──────── AVAILABLE DATA ────────
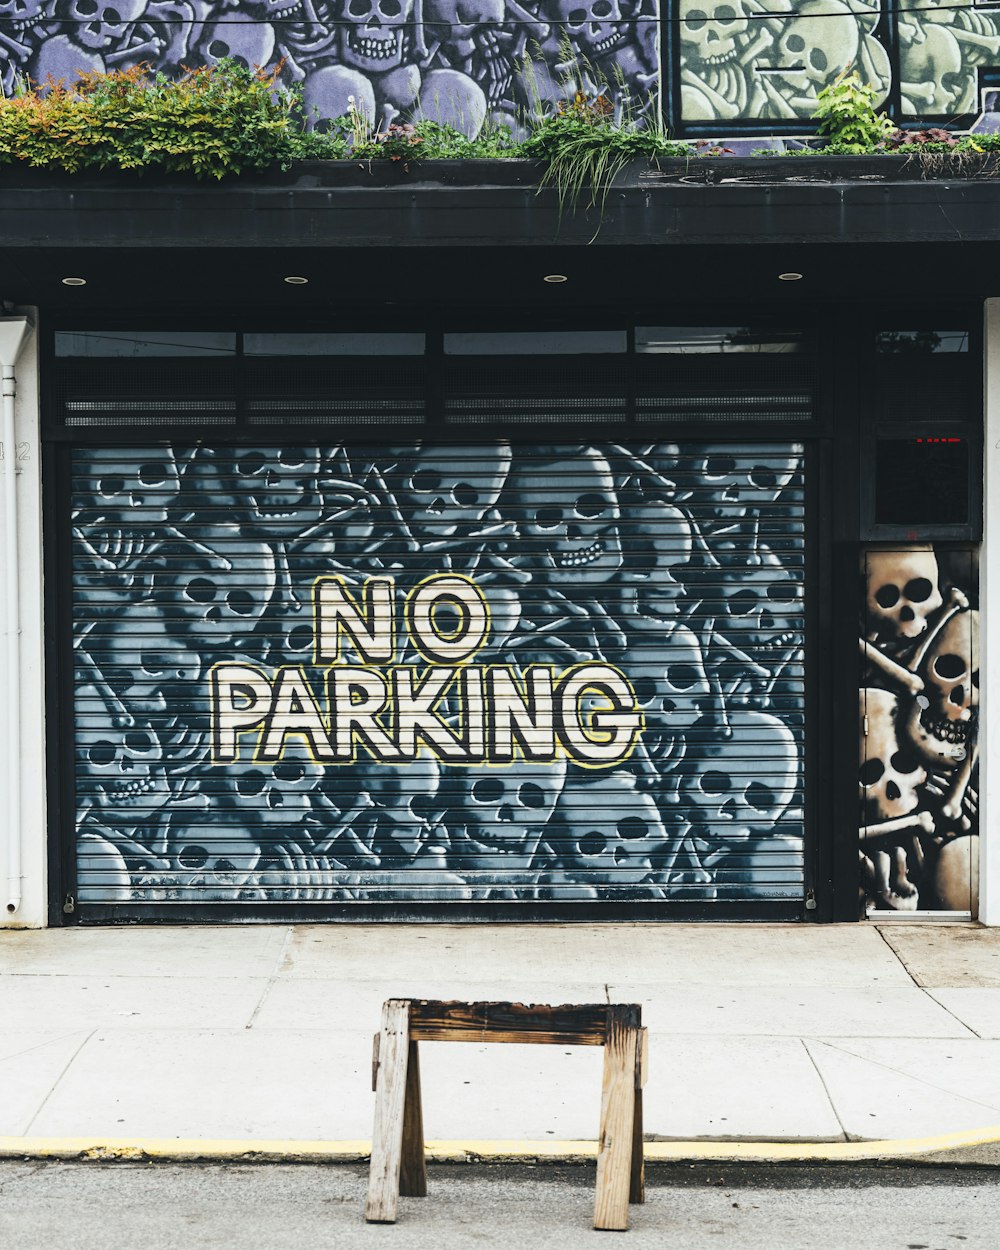 No Parking signage
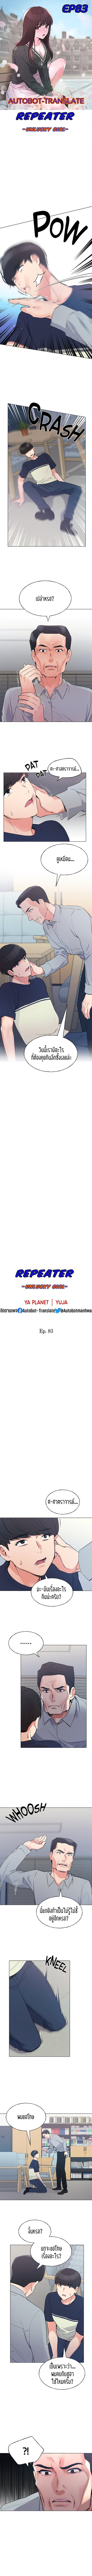 Repeater 83 (1)
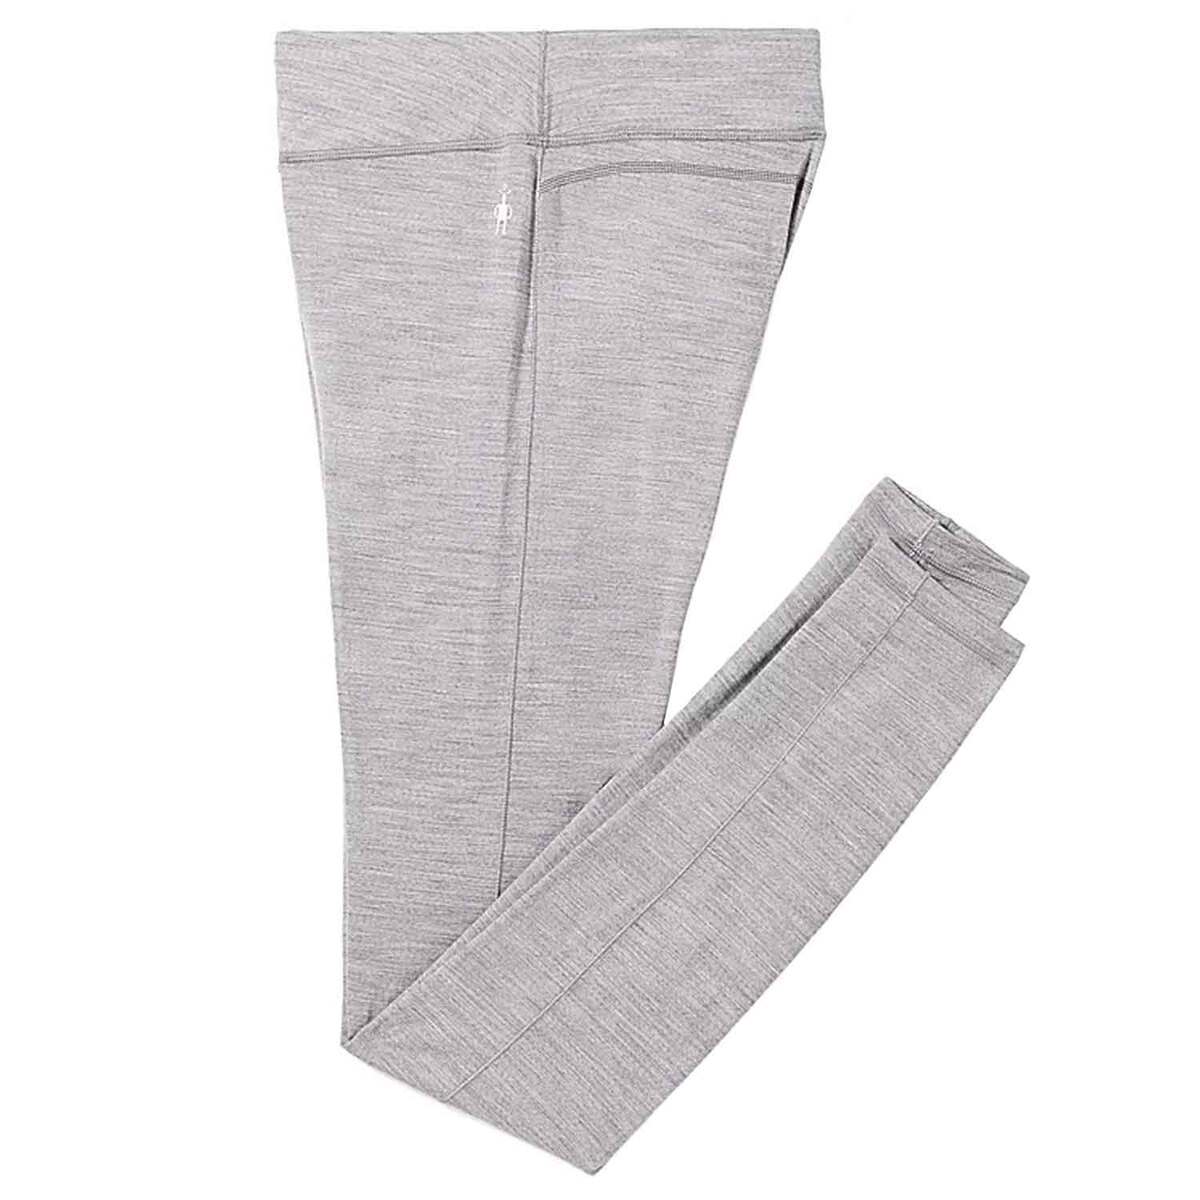 Grey Merino Wool Pants - Heavyweight Base Layer
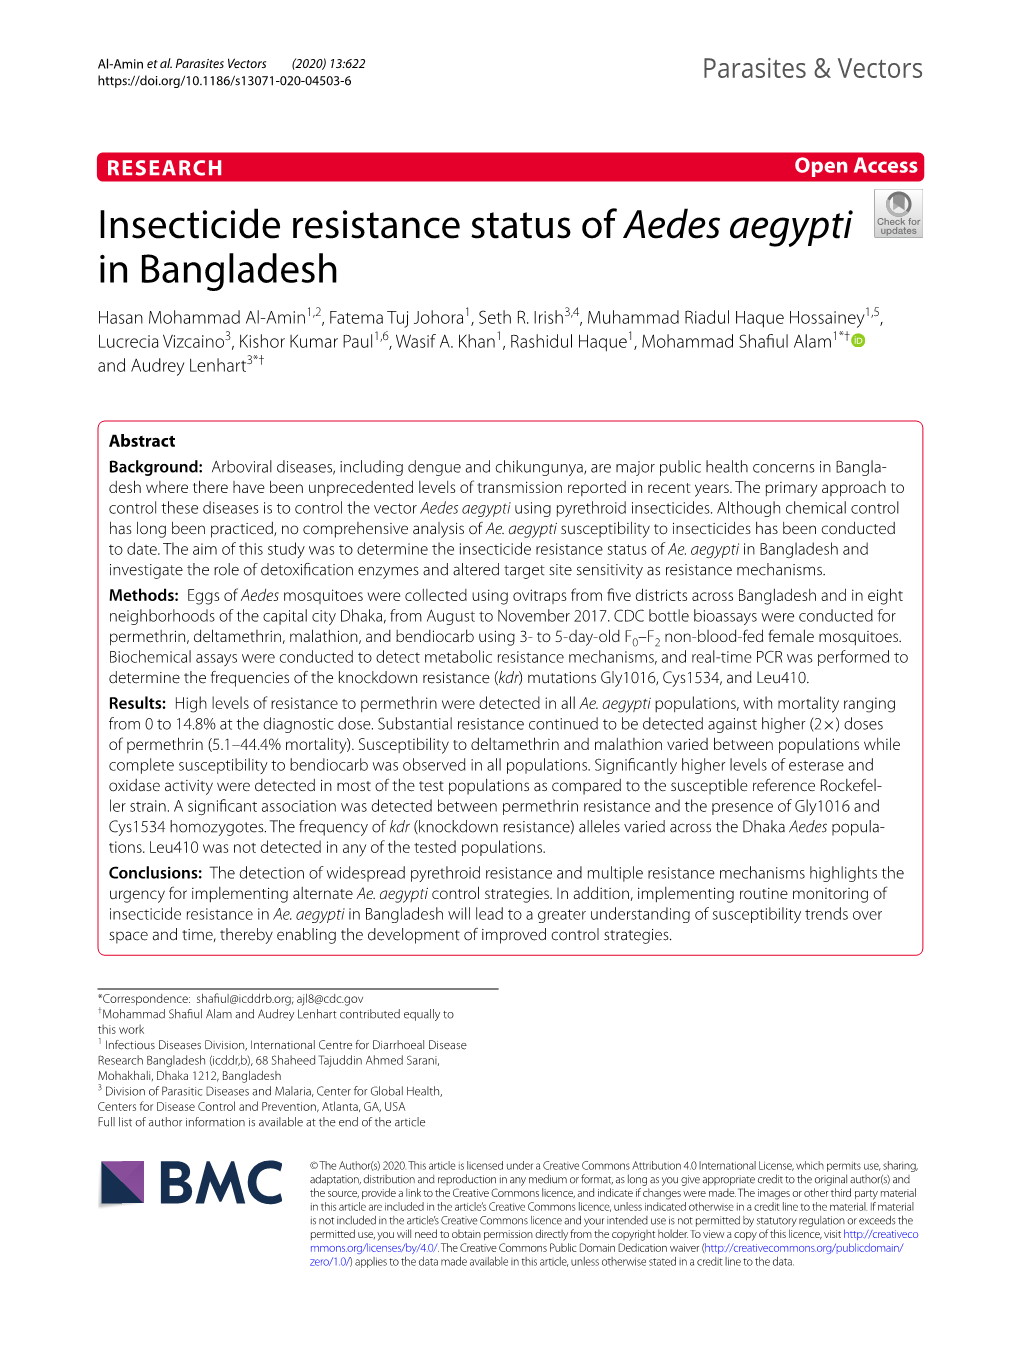 Insecticide Resistance Status of Aedes Aegypti in Bangladesh Hasan Mohammad Al‑Amin1,2, Fatema Tuj Johora1, Seth R
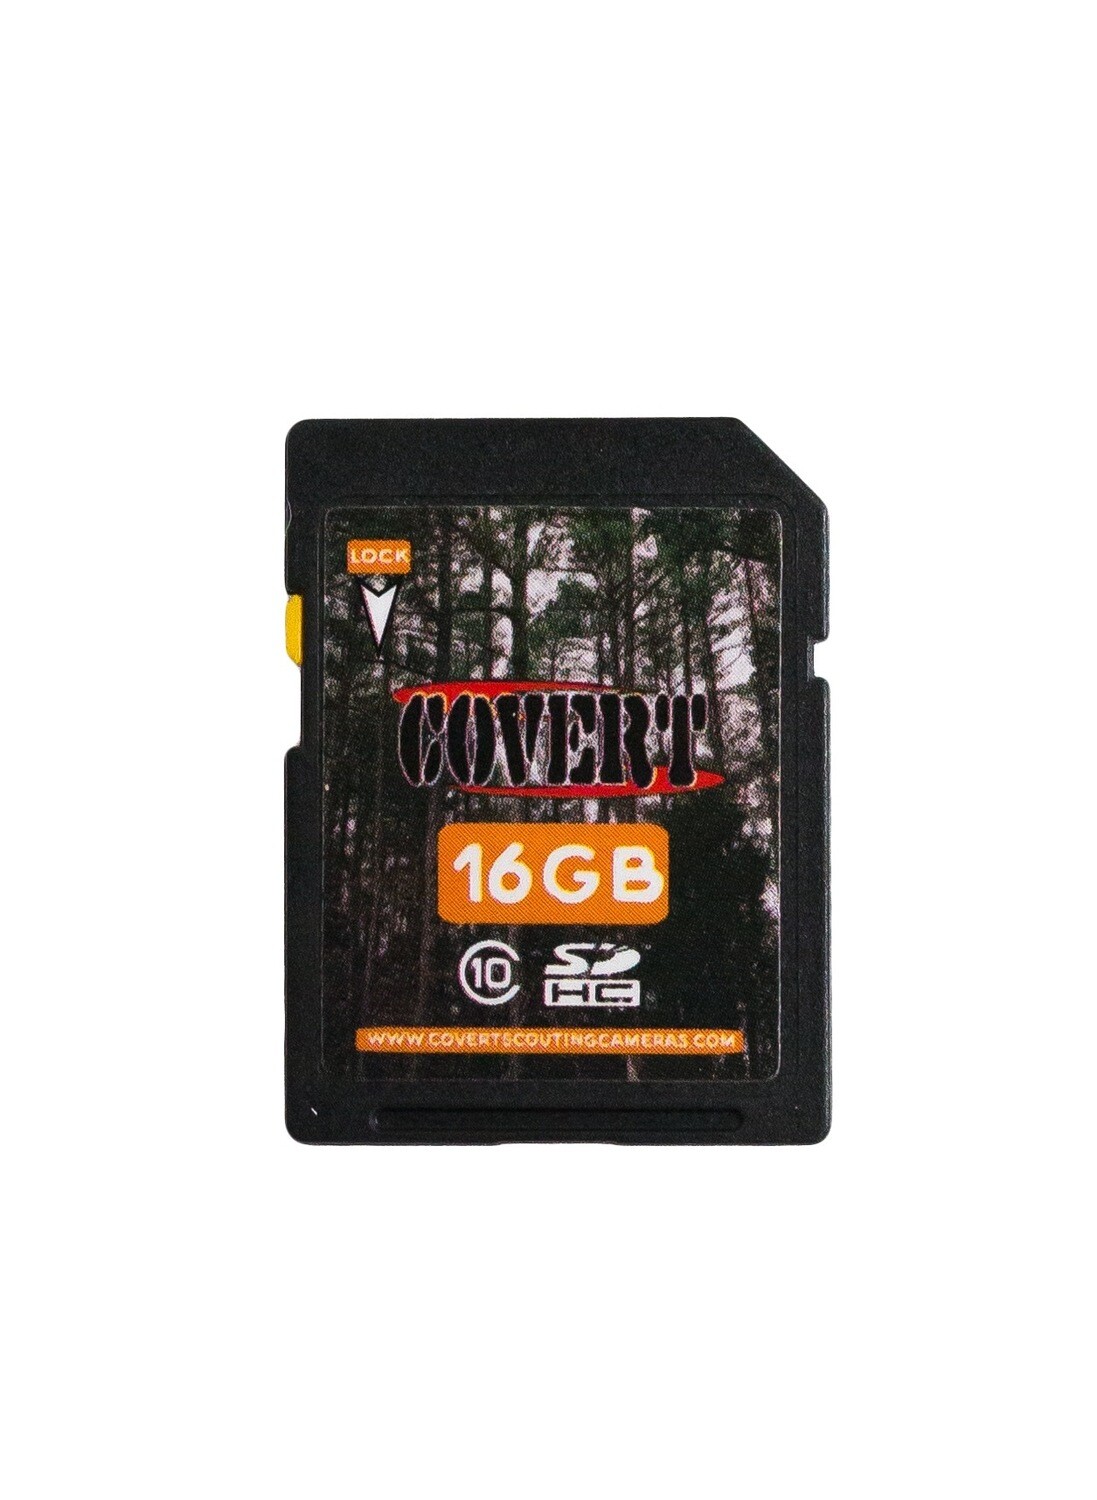 Covert 16 GB SD Card
────────
§ AIM OF THE EXERCISE
Could you set down exactly, and only, the lines from the line containing "Grey Merino Wool" through the last line of the records, both included, without the pictures?

§ SOLUTION TO THIS PROBLEM
 Grey Merino Wool Pants - Heavyweight Base Layer
 Insecticide Resistance Status of Aedes Aegypti in Bangladesh Hasan Mohammad Al‑Amin1,2, Fatema Tuj Johora1, Seth R
 Covert 16 GB SD Card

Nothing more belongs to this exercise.